Я прилетел обратно в среду утром. Нина должна была лететь тем же рейсом, а потом отправлялась в Лондон. Однако в последнюю минуту Маршалл сказал, что ей необходимо появиться на вечеринке с коктейлями в Лос-Анджелесе, так что заказанный билет на ночной рейс пришлось сдать. Теперь ей надо было провести часть среды в Нью-Йорке, в ожидании самолета, и я сказал почти сочувственно:
– Приезжай в "Элизиум". Меня там не будет, но ты можешь немного поспать в номере.
Утром в среду я появился в "Макгро-Хилл", чтобы рассказать сказку о моей болезни в Калифорнии, телефонных переговорах с Ховардом Хьюзом и встрече с Джорджем Гордоном Холмсом. Теперь миллиардер снова хотел встретиться со мной во Флориде, но точного места я, как обычно, не знал. Выбор вполне логичный для Хьюза: мы уже дважды вели там задушевные беседы, к тому же у Ховарда, похоже, был дом в Палм-Бич. Мне такой выбор тоже нравился. Флорида – приятное место для работы, мне нравится южная зима, и, раз уж "Макгро-Хилл" сделало публичное объявление о мартовской публикации автобиографии, мне не хотелось сталкиваться с каким-нибудь филиалом организации Хьюза – особенно "Интертелом", охранной системой. Заявление должно было быть сделано на неделю позднее. Последний чек на имя X.-Р. Хьюза – на триста двадцать пять тысяч долларов – будет готов в среду, и после этого я сразу уеду.

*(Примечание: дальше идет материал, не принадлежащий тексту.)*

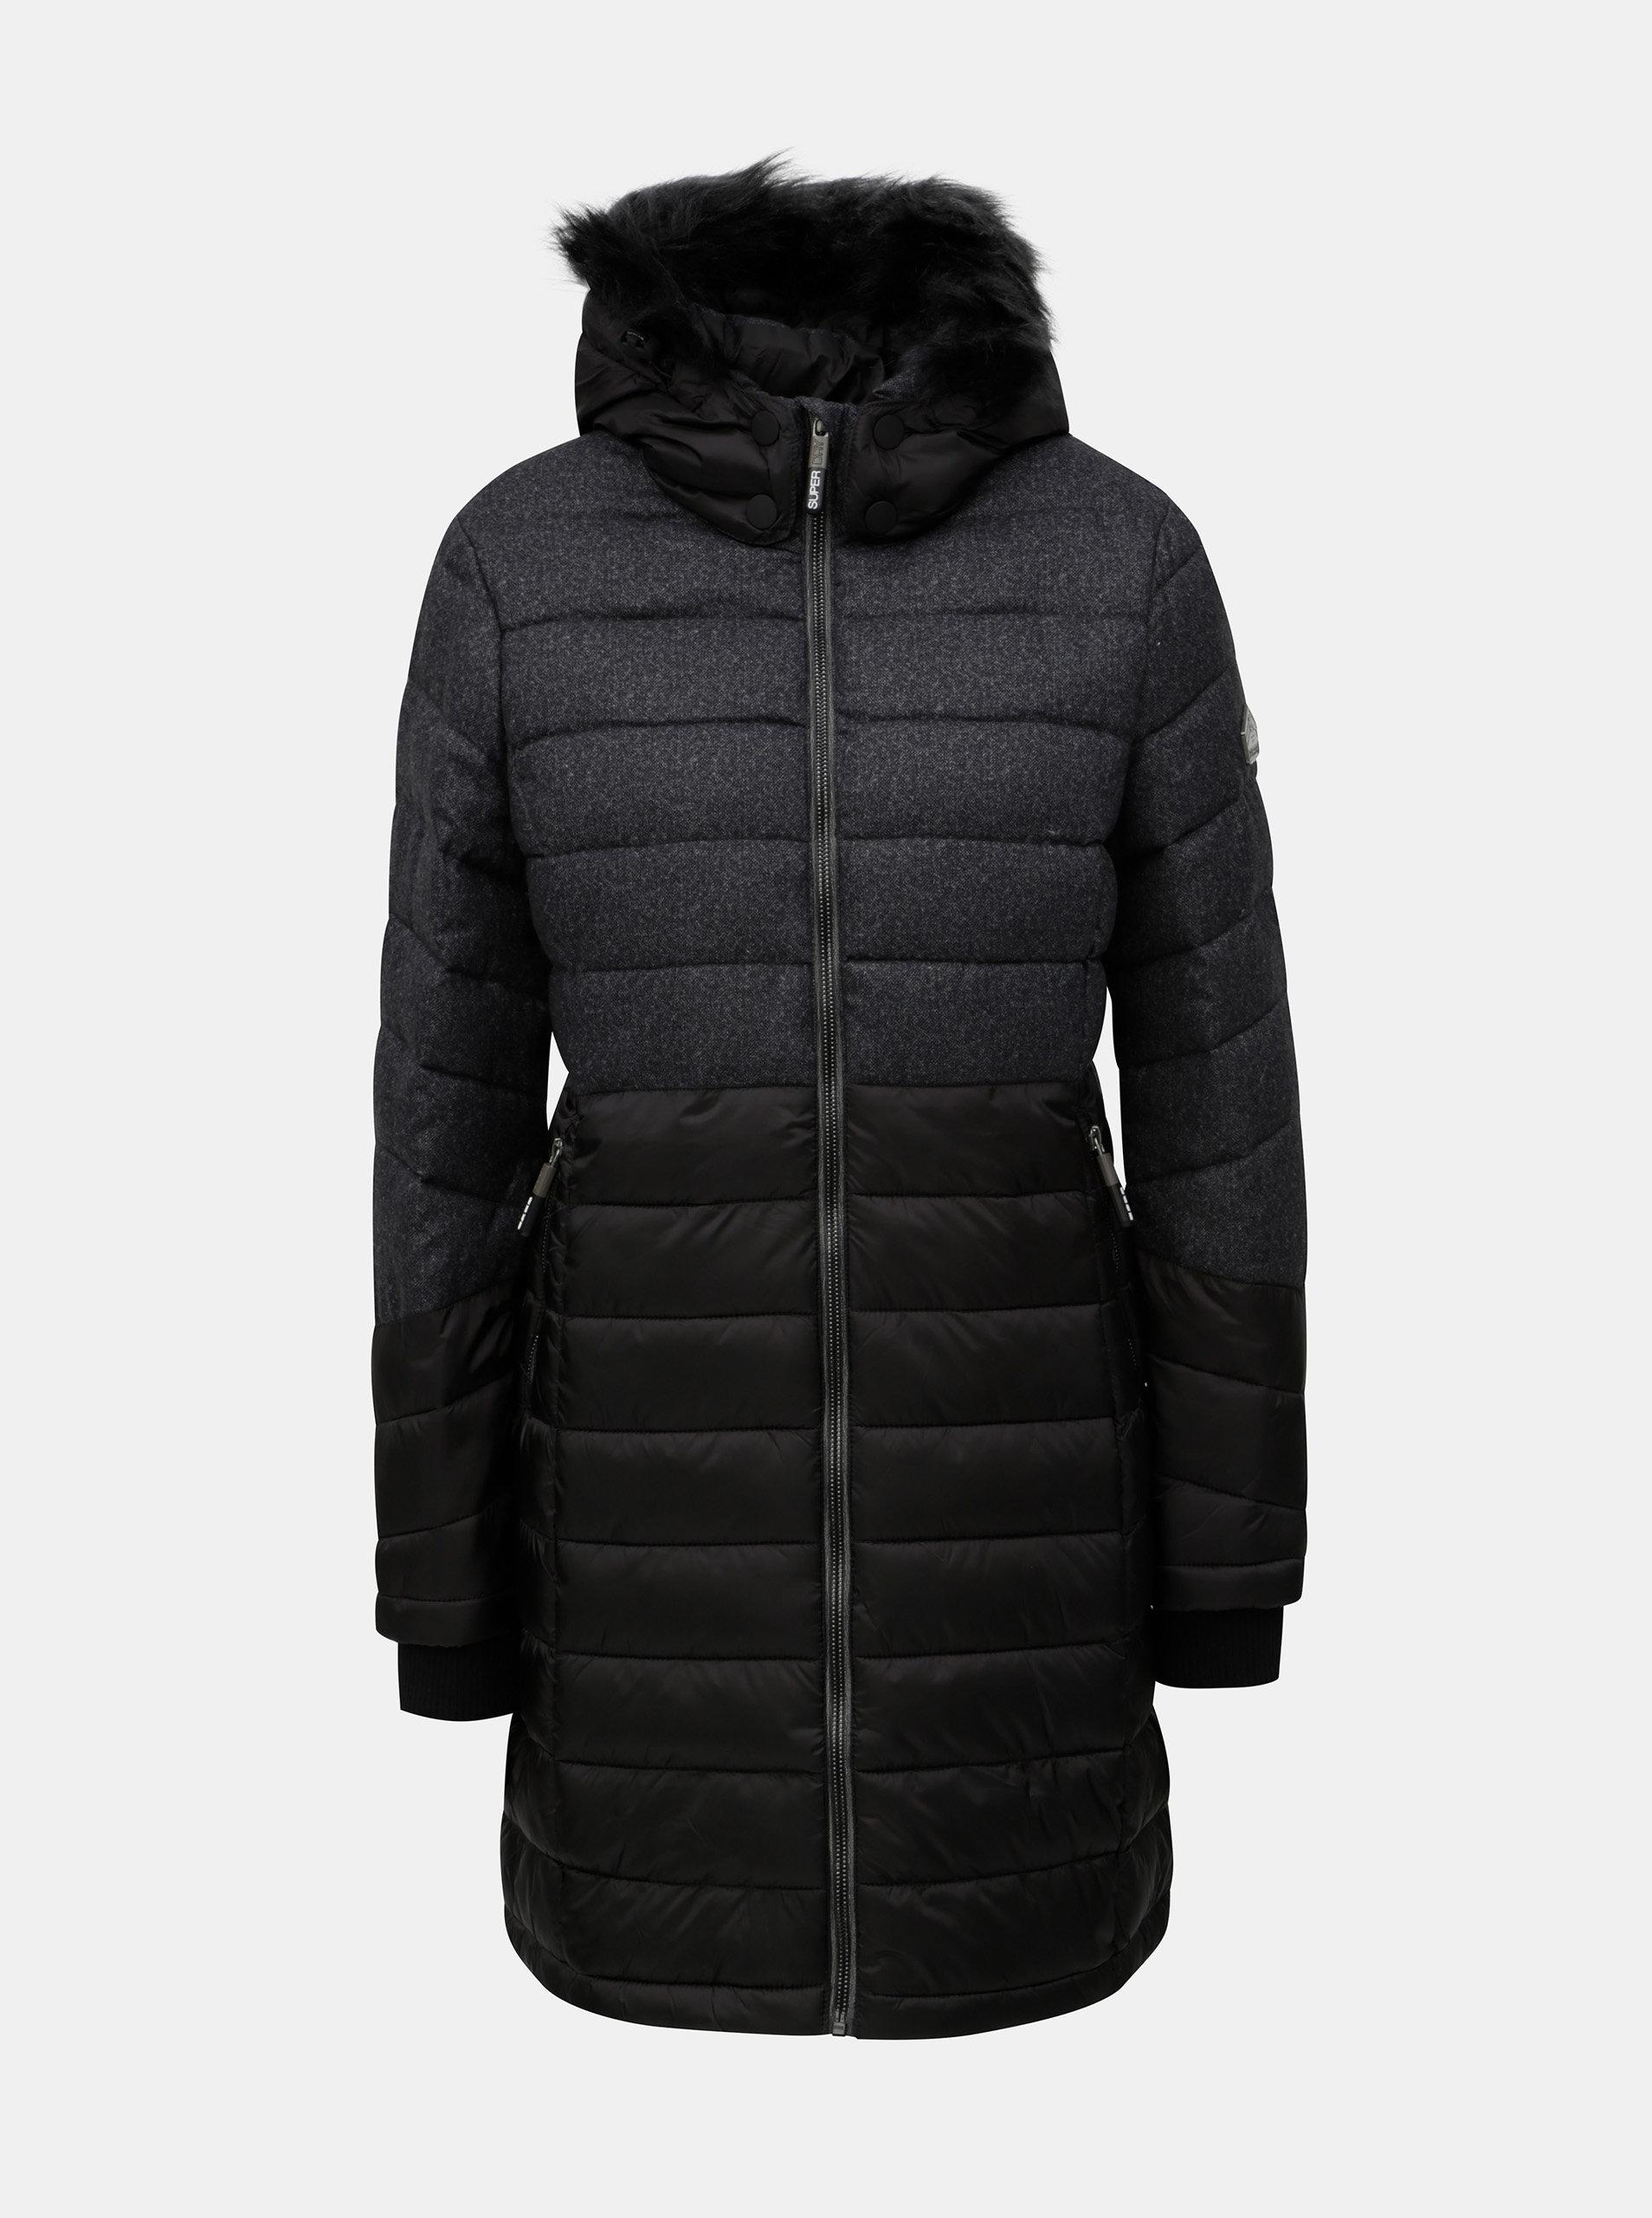 b0fea22f516 Šedo-černý dámský kabát s kapucí a umělým kožíškem Superdry ...

– Тебе надо встретиться с ним и подписать предисловие, – напомнил мне Левенталь. – И если он сделает это, то пусть распишется собственной рукой. Тогда мы сможем перенести текст со всеми пометками в книгу.
– Если Ховард чувствует себя нормально. Слышал бы ты его рык по телефону, когда он услышал мой кашель и чих. Хьюз был просто в ярости. Сказал, что, если мы встретимся, это его в буквальном смысле убьет.
Беверли присоединилась к нам позднее – уже в офисе Альберта.
– Кстати говоря, – сказала она, – "Лайф" отдал то письмо от Октавио Хэрольду на графологическую экспертизу тому же человеку, который проверял письмо, напечатанное в январе.
Мне стало немного дурно, но я попытался вести себя как обычно.
– Что все это значит?
Беверли пожала плечами:
– Просто проверка на случай появления проблем после объявления. Газеты могут раздуть небольшую шумиху. Так что весьма полезно запастись кое-каким оружием.
– Хорошо, что я в начале января написал тебе и сказал то, что слышал от Хьюза. Мне вдруг подумалось, что, если бы это случилось после двадцать второго января – я имею в виду, после того, как вышла статья в "Лайф", – у тебя могли появиться некоторые основания для подозрений.
– О, мне это тоже пришло в голову. Но дело прошлое, – улыбнулась Беверли.
– Когда ты получишь рапорт Канфера?
– Завтра утром. А в чем дело? Разве у тебя есть сомнения?
– Нет, – рассмеялся я. – Эти эксперты выдадут тебе такой ответ, какой, как им кажется, ты хочешь получить. Если ты сказал человеку, что объект – подделка, то, скорее всего, он именно это и подтвердит. Но в этот раз вы получите положительный результат. Но это и правильно, – прибавил я, – ведь письмо действительно от Хьюза.
Вернувшись в "Элизиум", я застал там Нину. Ее самолет на Лондон улетал в семь часов вечера.
– Ты, похоже, взволнован, – сказала она.
– Так и есть. "Макгро-Хилл" передало одно из писем Хьюза на экспертизу.
– Но тогда... – Нина побледнела. – Они могут все выяснить.
– Я не знаю. Просто понятия не имею. – Я метался по комнате, выкуривая одну "Галуаз" за другой. – Я мог бы признаться в мошенничестве. Или изобразить полное непонимание. Выдвинуть теорию, будто бы встречался с самозванцем. Не знаю, что я сделаю. Конечно, остается еще шанс, что эксперт подтвердит подлинность письма.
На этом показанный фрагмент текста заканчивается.